### WHAT YOU ARE ASKED TO DO
With the pictures omitted, repeat exactly the lines below starting with the line that has "Steven Croft celebrates" and going on through the line that has "rubbed white and gray dining set".

### GIVEN RECORDS
====================

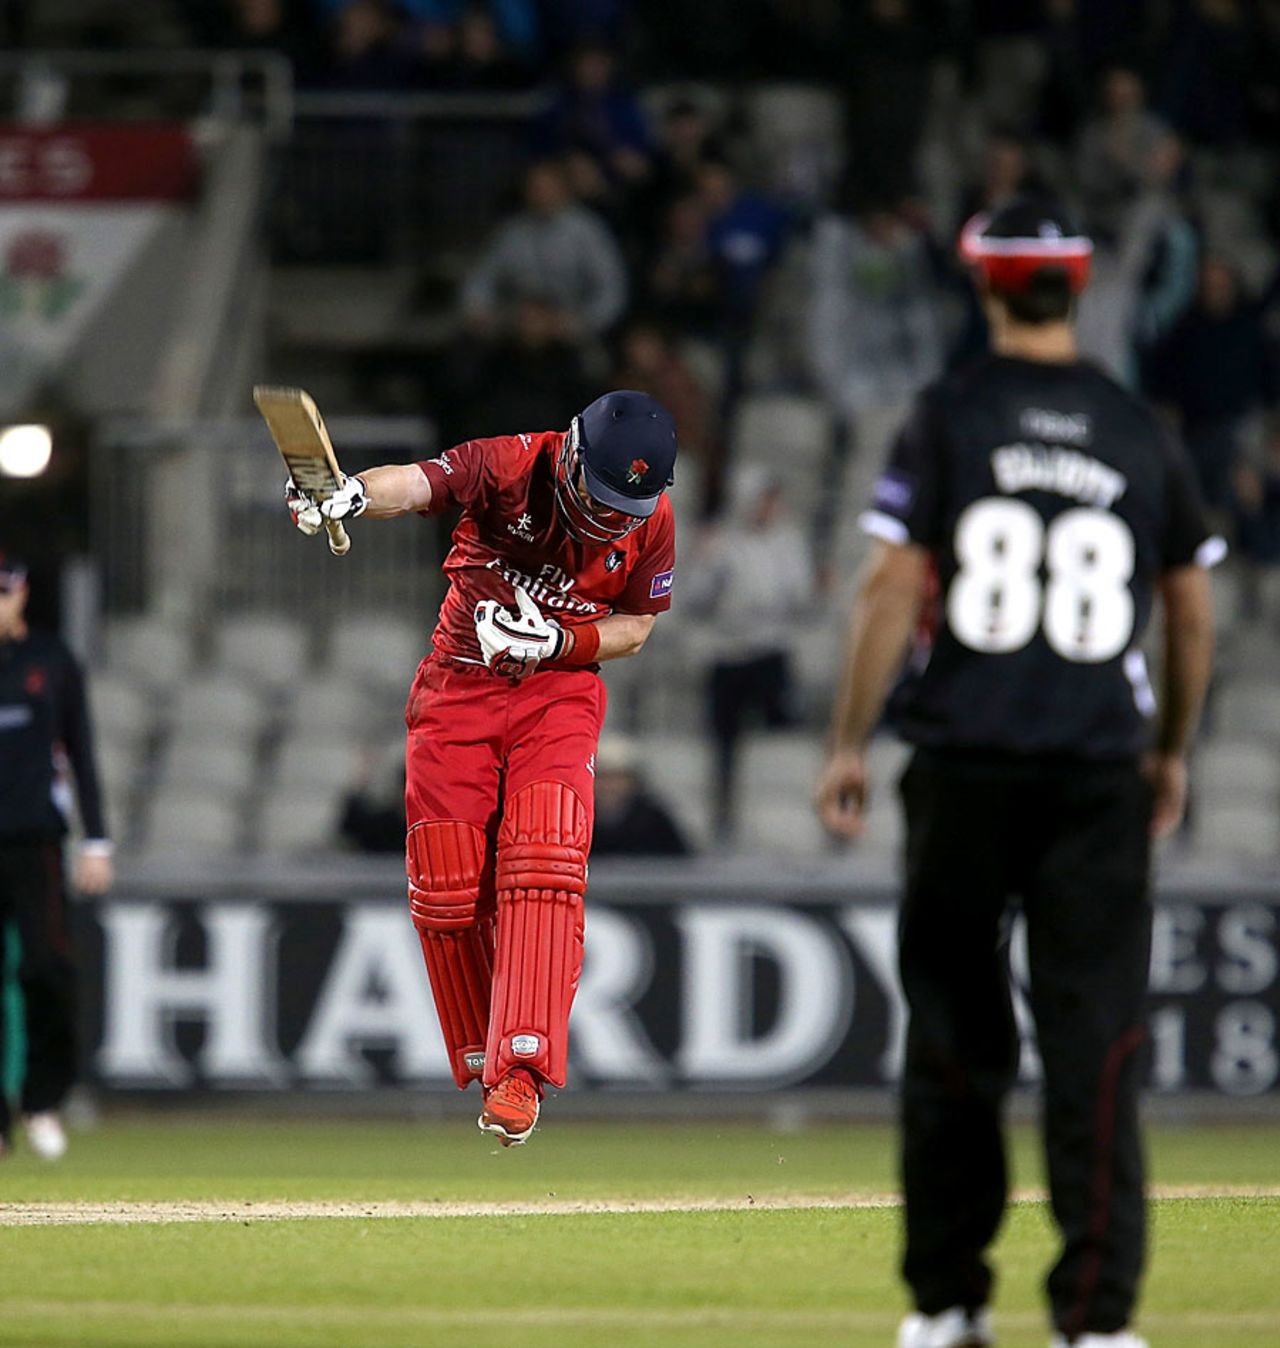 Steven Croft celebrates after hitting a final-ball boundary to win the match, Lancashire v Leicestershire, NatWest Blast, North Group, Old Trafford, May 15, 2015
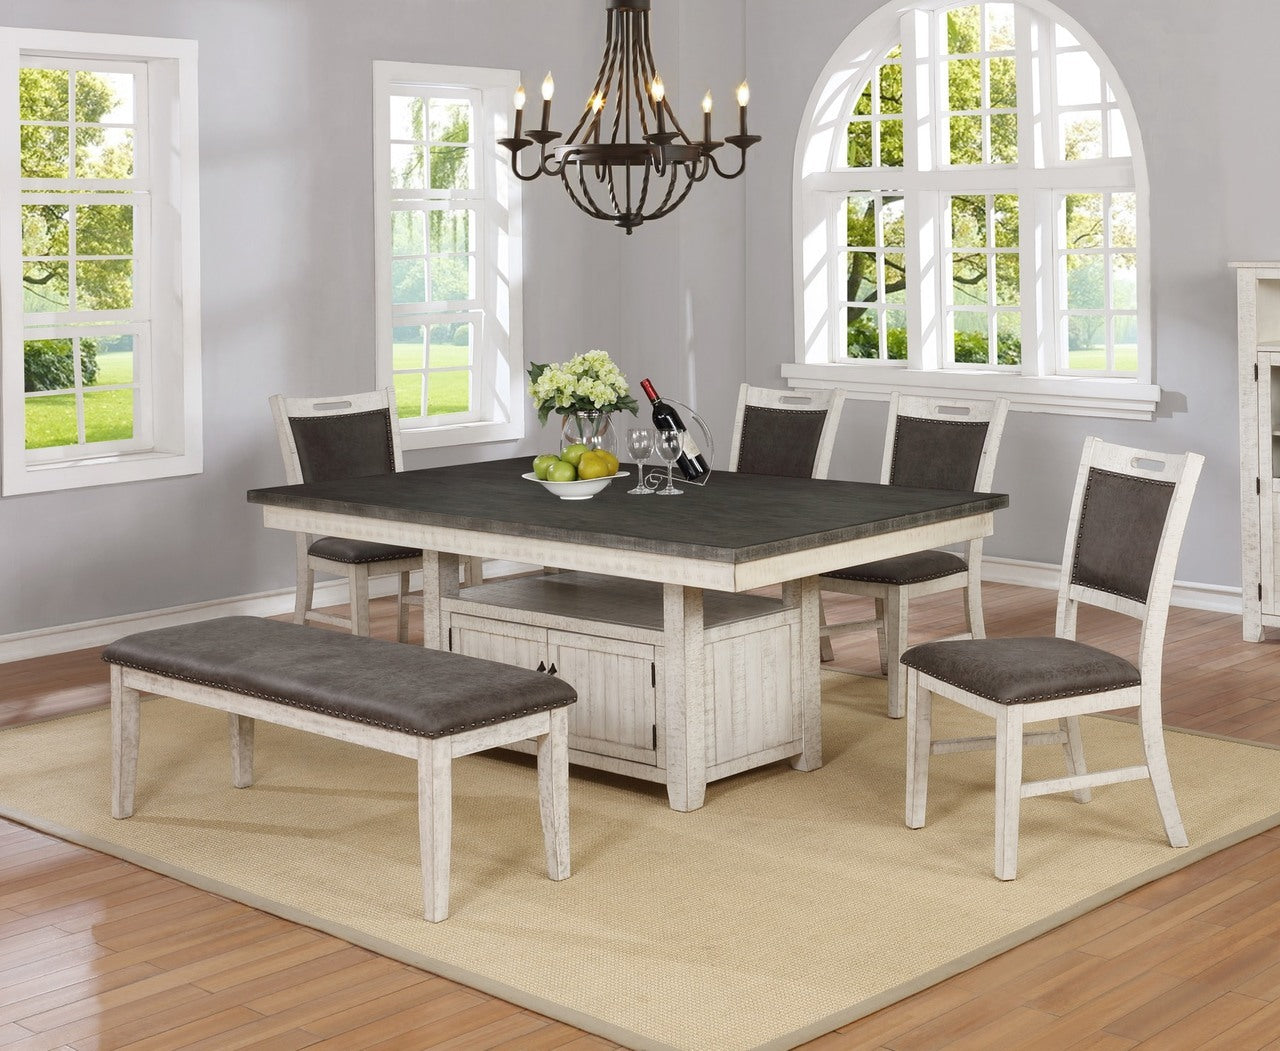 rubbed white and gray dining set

====================

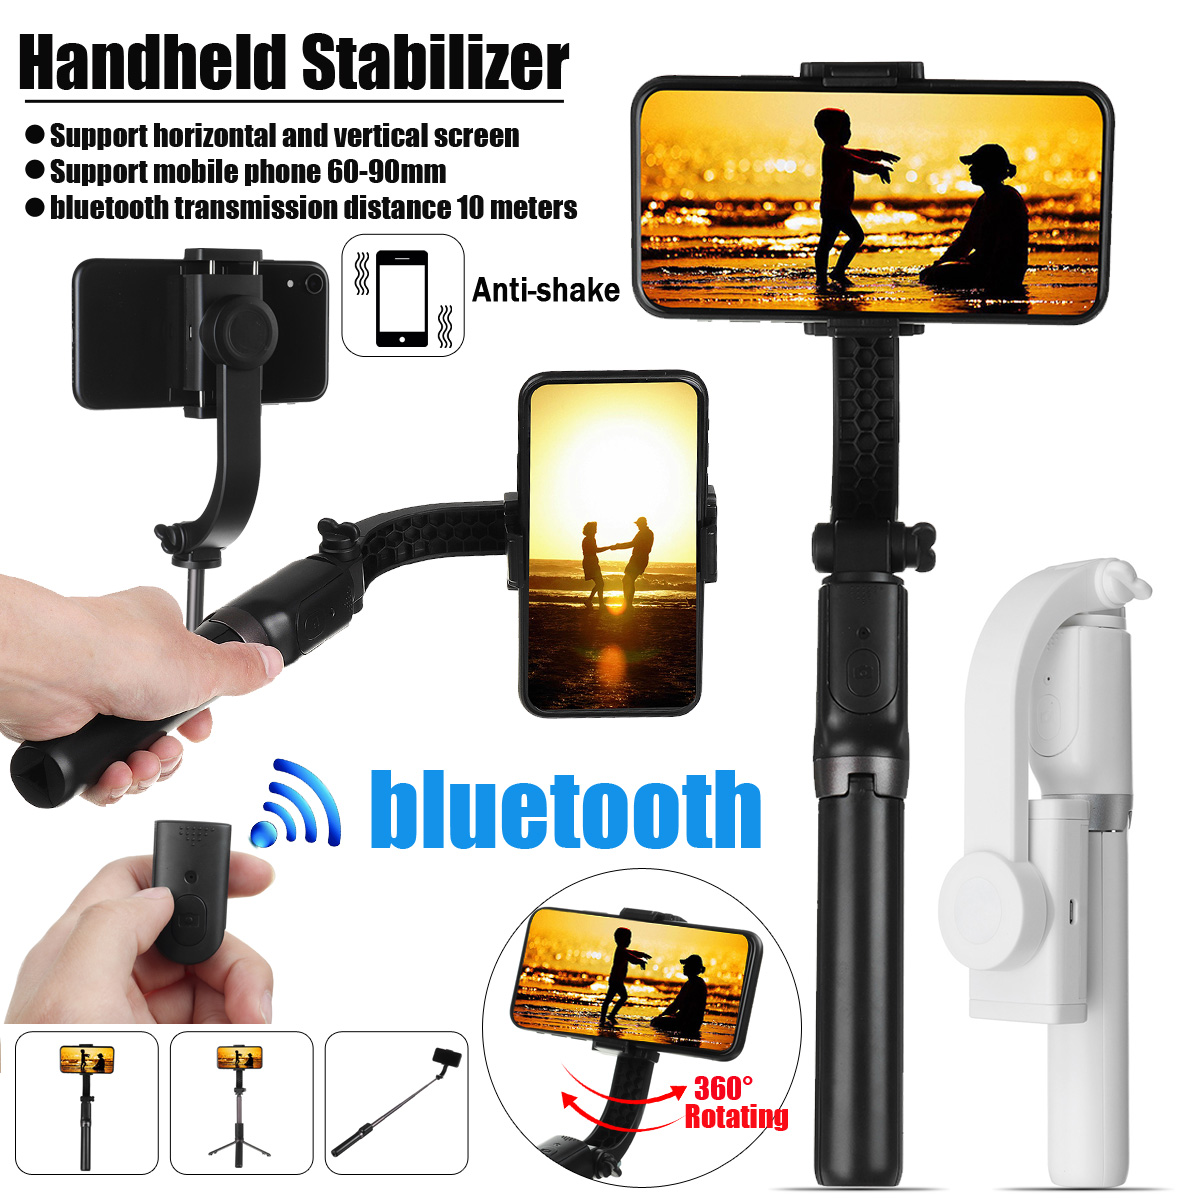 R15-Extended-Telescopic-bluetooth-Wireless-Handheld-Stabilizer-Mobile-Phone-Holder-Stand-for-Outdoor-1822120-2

====================

### SOLUTION FOR THIS EXERCISE
 Steven Croft celebrates after hitting a final-ball boundary to win the match, Lancashire v Leicestershire, NatWest Blast, North Group, Old Trafford, May 15, 2015
 rubbed white and gray dining set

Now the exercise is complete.